2014年4月29日 前立腺肥大症について
前立腺は男性特有の臓器で精液の一部を作る組織です。
膀胱の出口に尿道を取り囲むようにあり年齢とともに前立腺の内腺という組織が大きくなることが
あります。
前立腺の尿道に面した部分(内腺)が腫れてその結果尿道が圧迫され、尿が出にくくなる状態が
前立腺肥大症です。
前立腺肥大症は、年齢と深い関係にあり40・50代で症状が出始め60歳を過ぎると半数以上の人が夜間頻尿と放尿力低下を訴え65歳前後で治療を開始する人が多くなります。

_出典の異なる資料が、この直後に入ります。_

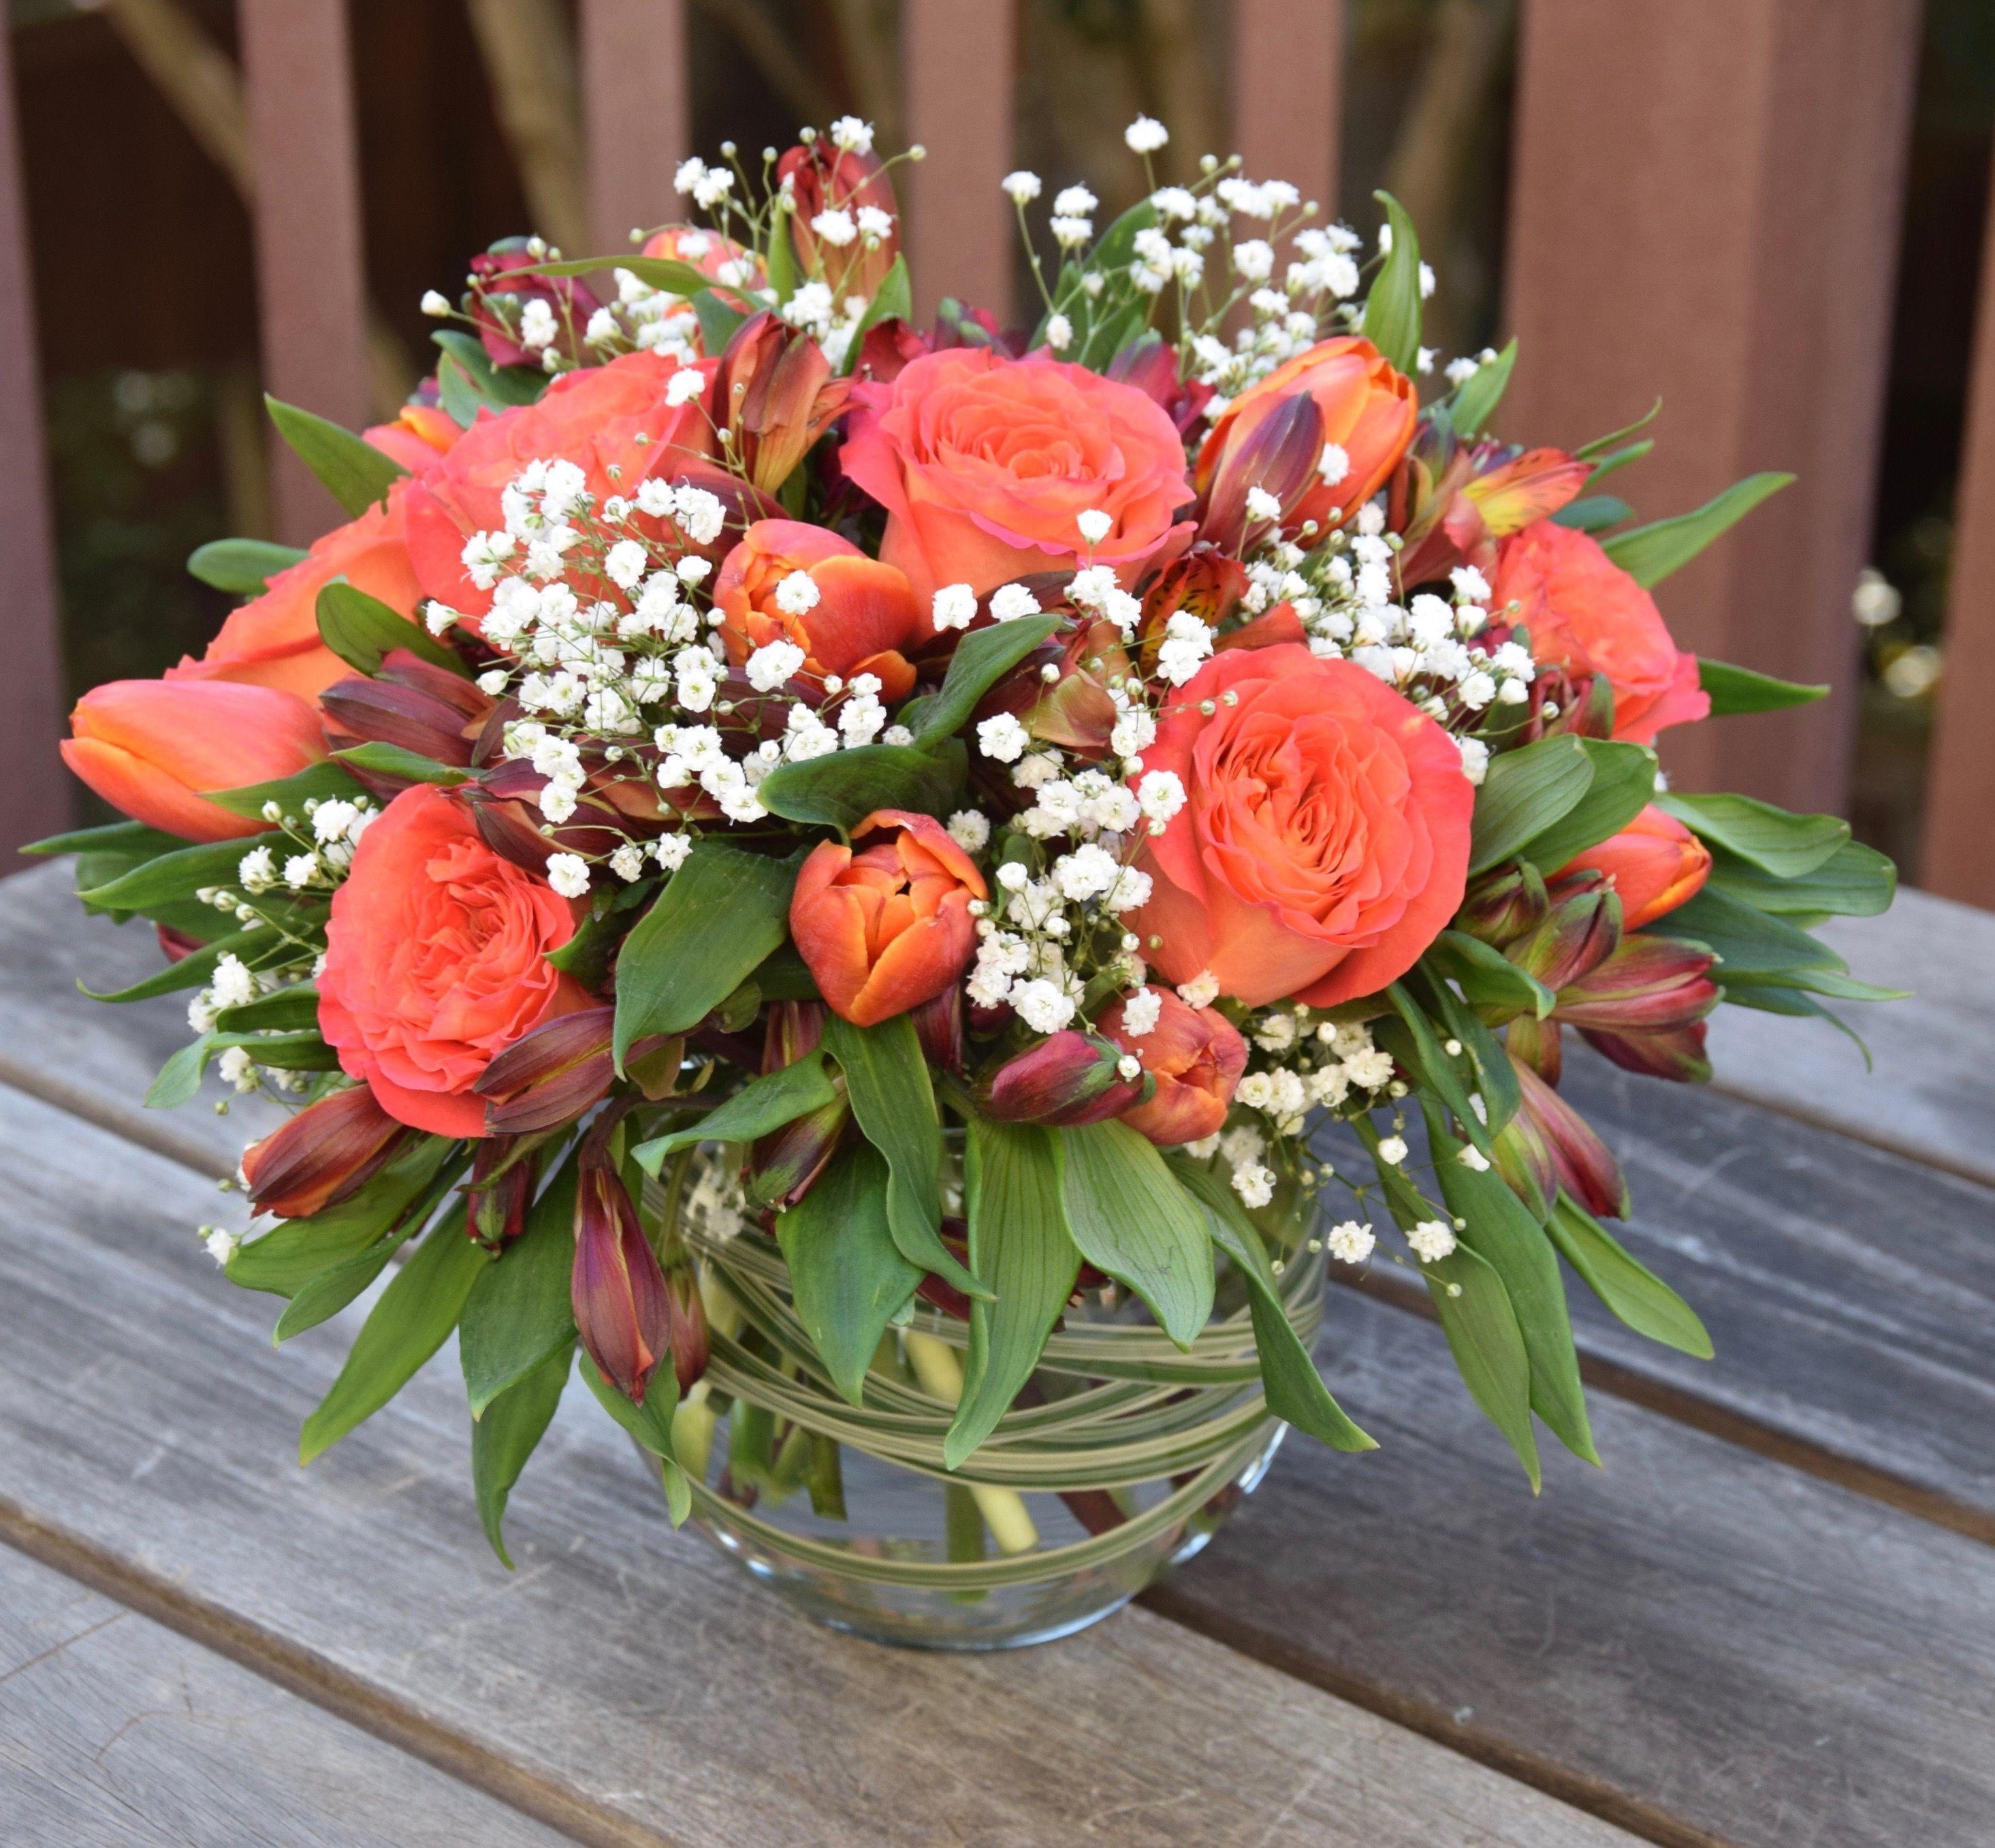 Flower arrangement with roses, tulips, alstroemerias, baby

80歳までには80%の人が前立腺肥大症になるとみられています。
前立腺肥大症は、食生活の欧米化等の要因により年々増加傾向にあります。
(厚生統計協会「患者調査」より)
◆前立腺肥大症の症状
Ⅰ期段階
夜おしっこで起きる。
排尿に多少時間かかかる。
残尿はない
Ⅱ期段階
排尿障害がつよくなり排尿後に残尿がある。
時に尿が止まってしまう。
Ⅲ期段階
尿でない。(尿閉)
大量の残尿が発生し、漏れてくる。
腎臓の機能に障害を与えることになります。
◆前立腺肥大症の検査
直腸診 (触診)
肛門から指を入れての診察です。
がんとの鑑別にも必要となります。
血液検査(血清PSA値の測定)
前立腺がんとの鑑別のために必要となります。
尿流量測定/残尿測定
尿の出る勢いと残尿量を測定します。
超音波(エコー)検査
前立腺の大きさを測定します。
尿路造影検査
上記症状の「Ⅱ期段階/Ⅲ期段階」が疑われる場合に行います。
◆前立腺肥大症の手術
経尿道的前立腺切除術 (TURP)
尿道から特殊な電気メスで腫れた前立腺の組織を切除します。
レーザによる前立腺摘出術 (HoLEP)
レーザを使用し、腫れた前立腺を摘出する方法
◆HoLEPの手術とは
特徴
出血が少なく、術後の電解質バランスのくずれも無く、安全な手術です。
前立腺の全体を核出するため、残存腺腫がほとんど無くなるため、
再発がほとんどありません。
内視鏡の手術後は尿道を確保するため、管を入れて排尿を助ける処置が行われますが、その管が短期間で抜去することが可能です。
術式
①肥大した前立腺の内膜と外膜の境目にホルミウム・ヤグレーザーを
照射し、内膜のみをくりぬくように核出します。
②核出した内膜を、膀胱内に移動させます。
③前立腺組織をお全て膀胱内に移動させた後、モーセレーターという
機器を用いて、前立腺組織を細かく切断しながら吸引し、体外に
排出します。
HoLEPとTURPの比較
以前より前立腺肥大症の術式で「TURP」という術式があります。
内視鏡を尿道から通して、電気メスで尿道側から前立腺の組織を少しずつ切り取る術式です。
前立腺をみかんに例えると下記の図のようになります。
患者様の病状に合わせて、HoLEPかTURPを選択し治療を行います。
◆その他の治療
薬物治療法
前立腺部の神経に作用して排尿状態を改善する薬、植物製剤などで治療します。
高温度療法
前立腺部を50度で一時的に加熱する方法です。